Kagan v. Ginsberg

30 Conn. App. 794 | Conn. App. Ct. | 1993

Freedman, J.

The plaintiff appeals from the judgment of the trial court dismissing her action brought against the defendant, Elliot Ginsberg,1 pursuant to the Personal Data Act, General Statutes § 4-190 et seq. In that action, the plaintiff sought the disclosure of certain portions of the file that the defendant maintained on the plaintiff, a family home day-care provider. The portion of the file that the plaintiff sought to obtain related to allegations of child abuse. The defendants refused to disclose this information, claiming that General Statutes (Rev. to 1987) § 17-38a (9)2 prohibited such disclosure.

*796Both the plaintiff and the defendant filed motions for summary judgment. After hearing both motions for summary judgment, the trial court dismissed the action sua sponte and entered judgment for the defendant. This appeal followed.

The trial court based its dismissal of the action on its conclusion that the plaintiff had no standing to bring the action because the plaintiff had “failed to allege in her pleadings that a medical doctor has reviewed her file and recommended its disclosure by the Commissioner to the plaintiff,” a procedure that the trial court found to be “a prerequisite” to obtaining relief under General Statutes § 4-195.3

In reaching this conclusion, the trial court relied on the provisions of General Statutes § 4-194 (b).4 The provisions for a review by a qualified medical doctor contained in § 4-194 (b), however, do not apply when the agency refuses to disclose personal data because it is of the opinion that such nondisclosure is mandated by law.

*797“When the words of a statute are clear and unambiguous, we assume that the words themselves express the legislature’s intent and there is no need to look further for interpretive guidance.” Winchester Woods Associates v. Planning & Zoning Commission, 219 Conn. 303, 310, 592 A.2d 953 (1991); Suprenant v. New Britain, 28 Conn. App. 754, 758, 611 A.2d 941 (1992). The language of § 4-194 (b) is clear and unambiguous. The provisions relating to medical review only apply when the refusal to disclose personal data is “not mandated by law.” Here, the defendant refused to disclose the information because he believed that nondisclosure was mandated by law. The trial court, therefore, improperly applied § 4-194 (b) to the circumstances of this case.

The judgment is reversed and the case is remanded for further proceedings consistent with this opinion.5

In this opinion the other judges concurred.

The action was brought against the defendant, Elliot Ginsberg, in his official capacity as commissioner of human resources.

General Statutes § 17a-101 (g), formerly § 17-38a (9), provides in pertinent part: “The commissioner of children and youth services shall maintain a registry of the reports received pursuant to this section and shall adopt regulations to permit the use of the registry on a twenty-four-hour daily basis to prevent or discover abuse of children. The information contained in the reports and any other information relative to child abuse, wherever located, shall be confidential subject to such regulations governing their use and access as shall conform to the requirements of federal law or regulations. . . .”

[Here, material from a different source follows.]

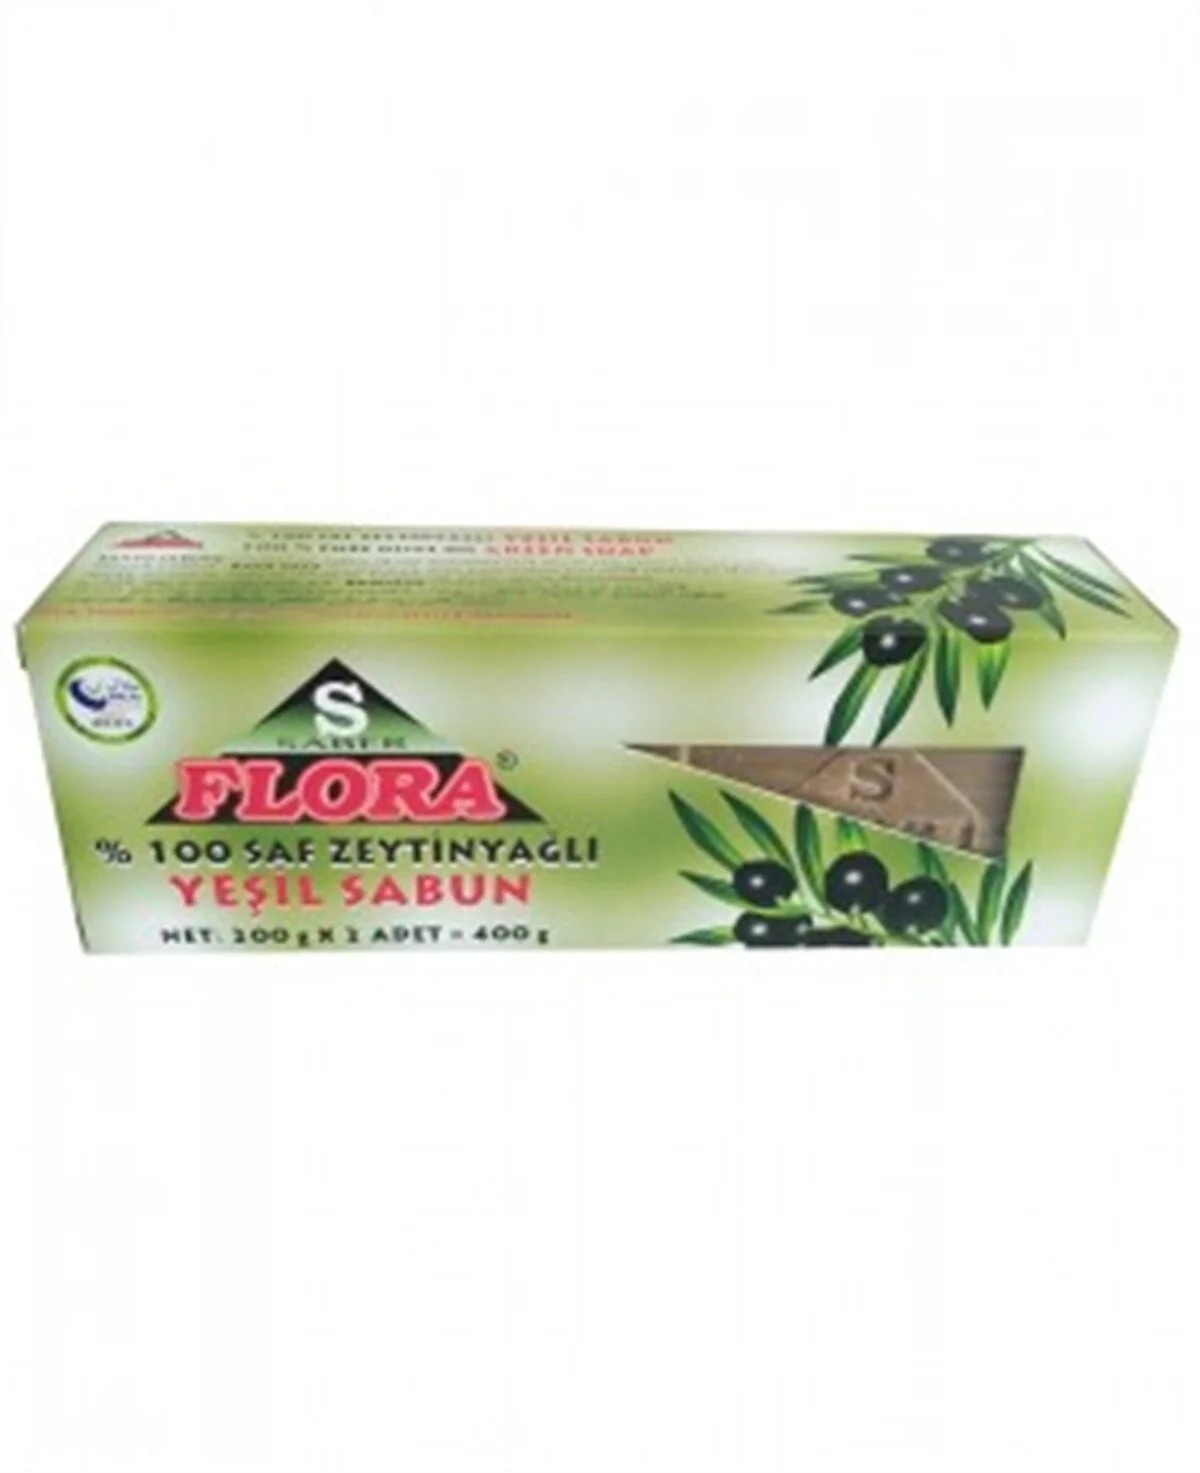 SAB - Flora %100 Zeytinyağlı Sabun 400 Gr
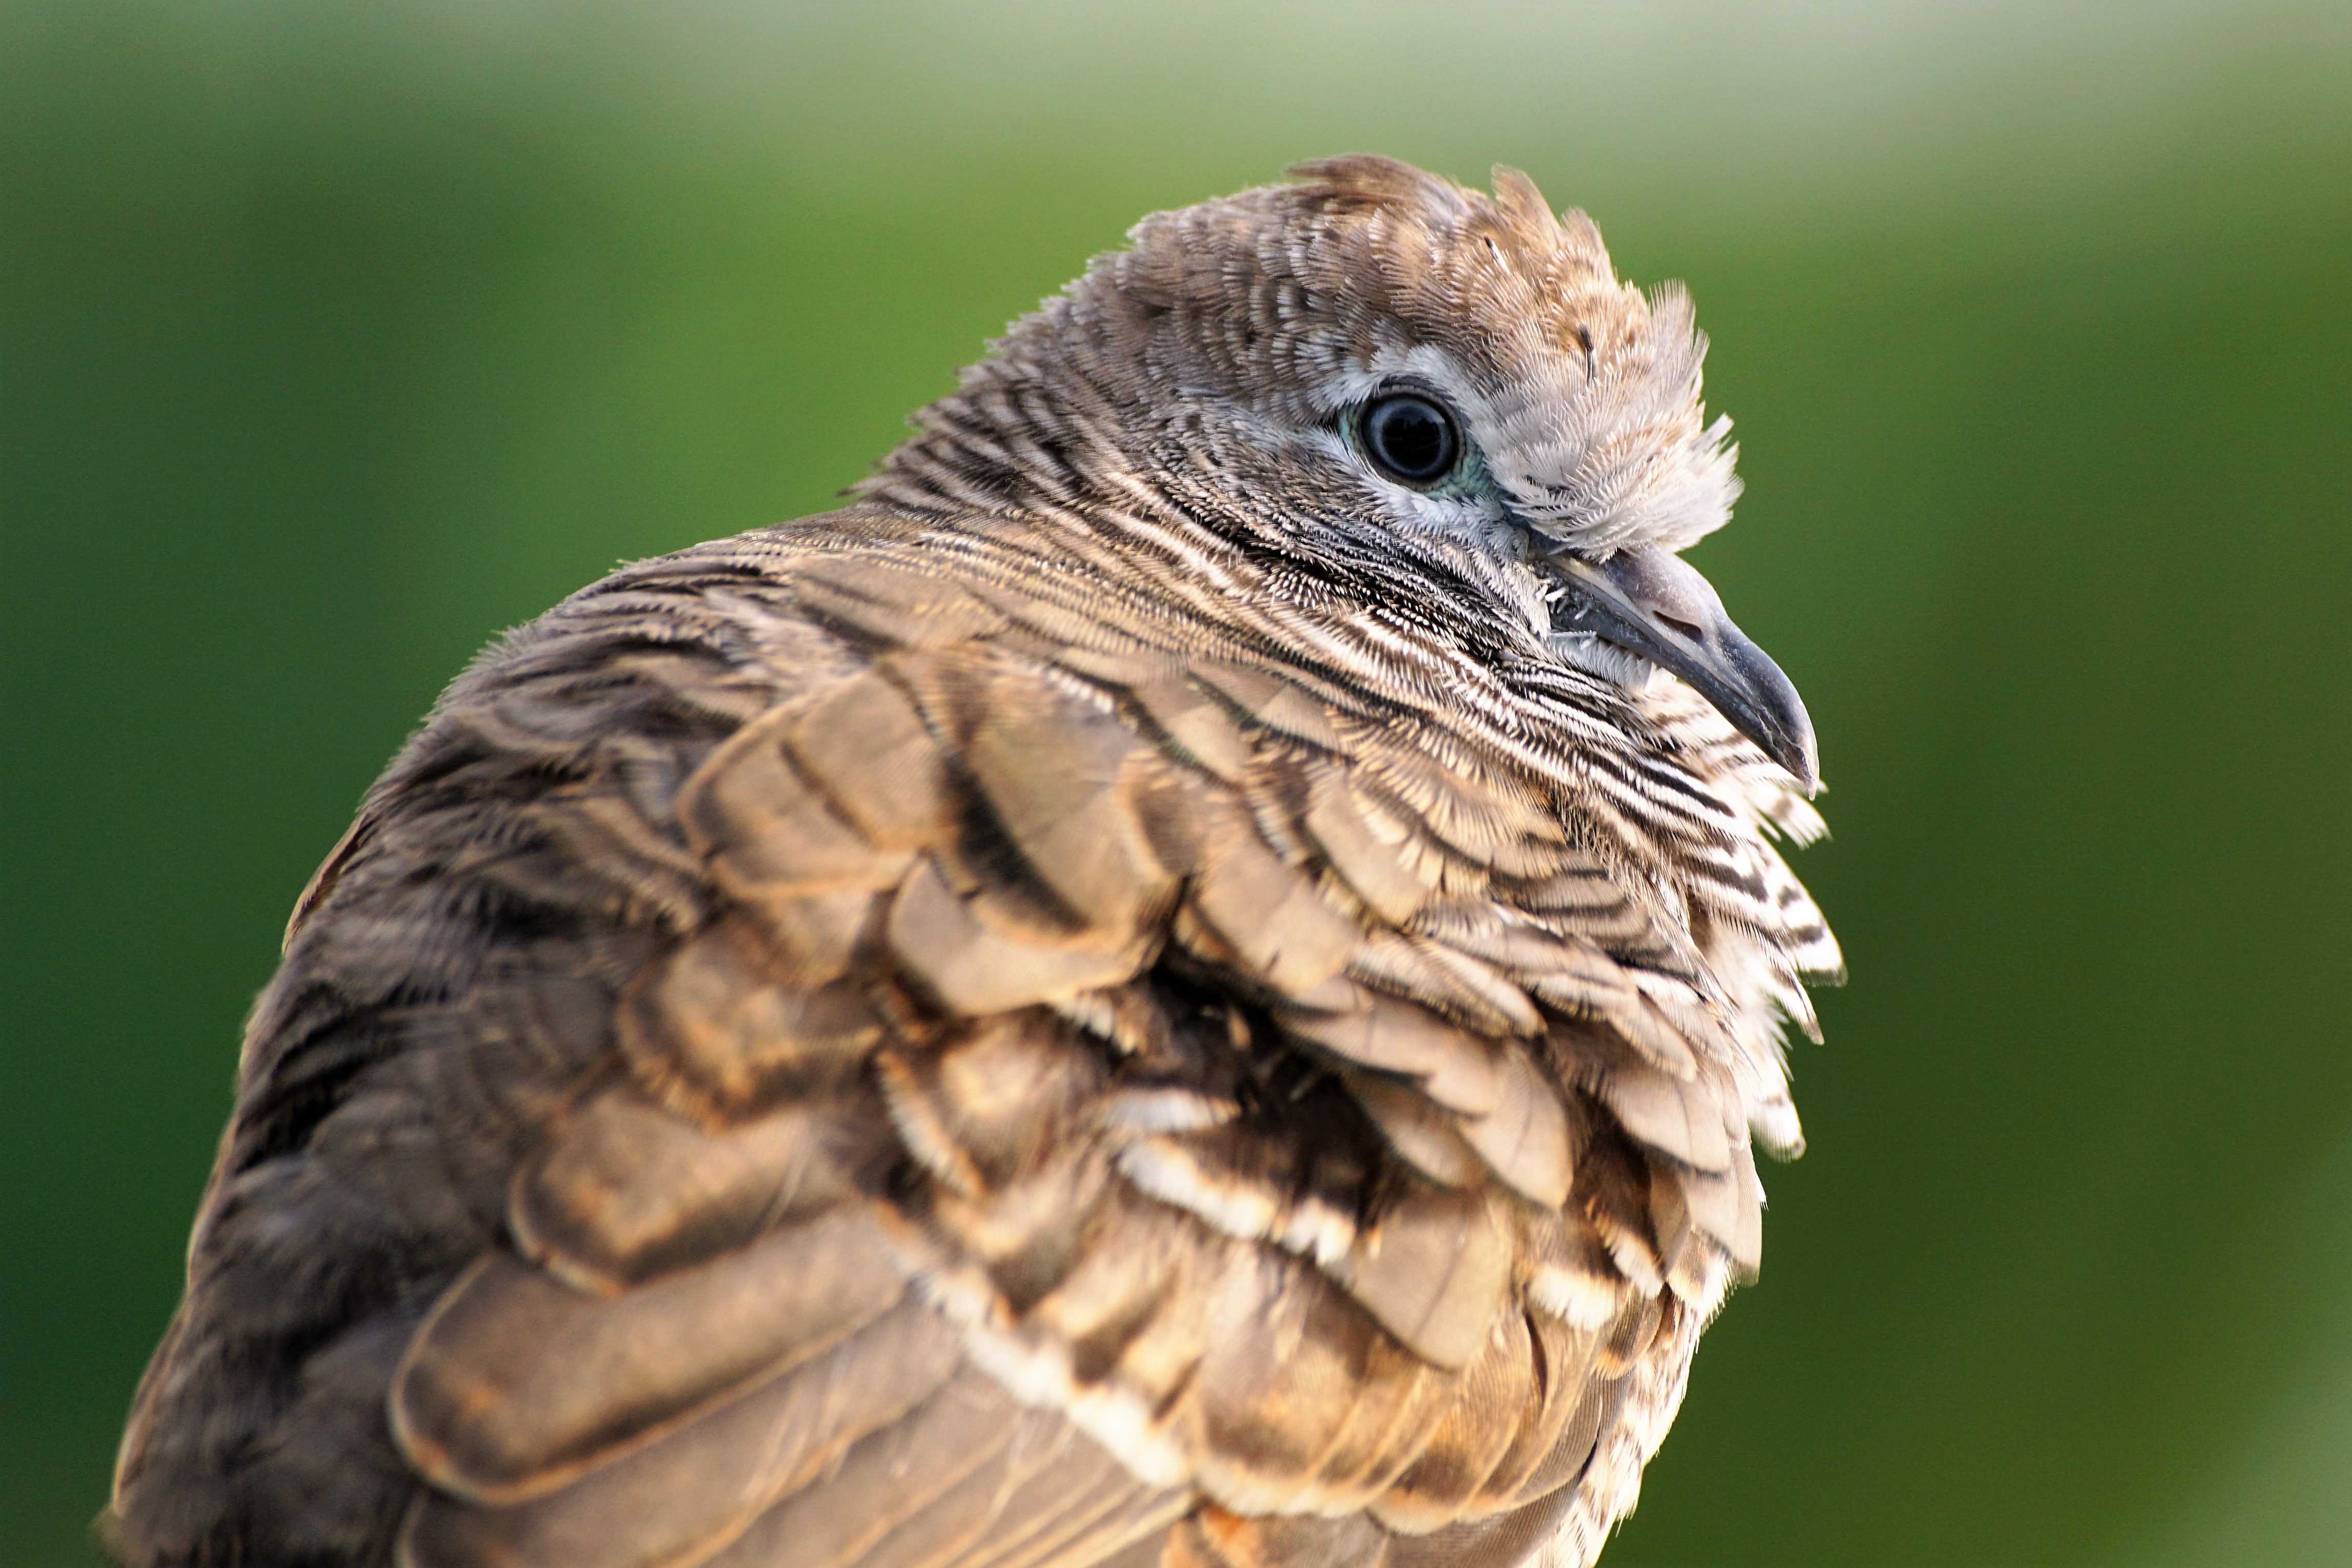 Brown Bird Closeup image - Free stock photo - Public Domain photo ...

General Statutes § 4-195 provides: “If disclosure of personal data is refused by an agency under section 4-194, any person aggrieved thereby may, within thirty days of such refusal, petition the superior court for the judicial district in which he resides for an order requiring the agency to disclose the personal data. Such a proceeding shall be privileged with respect to assignment for trial. The court, after hearing and an in camera review of the personal data in question, shall issue the order requested unless it determines that such disclosure would be detrimental to the person or is otherwise prohibited by law.”

General Statutes § 4-194 (b) provides: “If an agency refuses to disclose personal data to a person and, the nondisclosure is not mandated by law, the agency shall, at the written request of such person, permit a qualified medical doctor to review the personal data contained in the person’s record to determine if the personal data should be disclosed. If disclosure is recommended by the person’s medical doctor, the agency shall disclose the personal data to such person if nondisclosure is recommended by such person’s medical doctor, the agency shall not disclose the personal data and shall inform such person of the judicial relief provided under section 4-195.” (Emphasis added.)

We, of course, express no opinion as to whether the nondisclosure was, in fact, mandated by law. That issue, together with all other issues raised at trial, will have to be addressed by the trial court when it addresses the pending motions for summary judgment.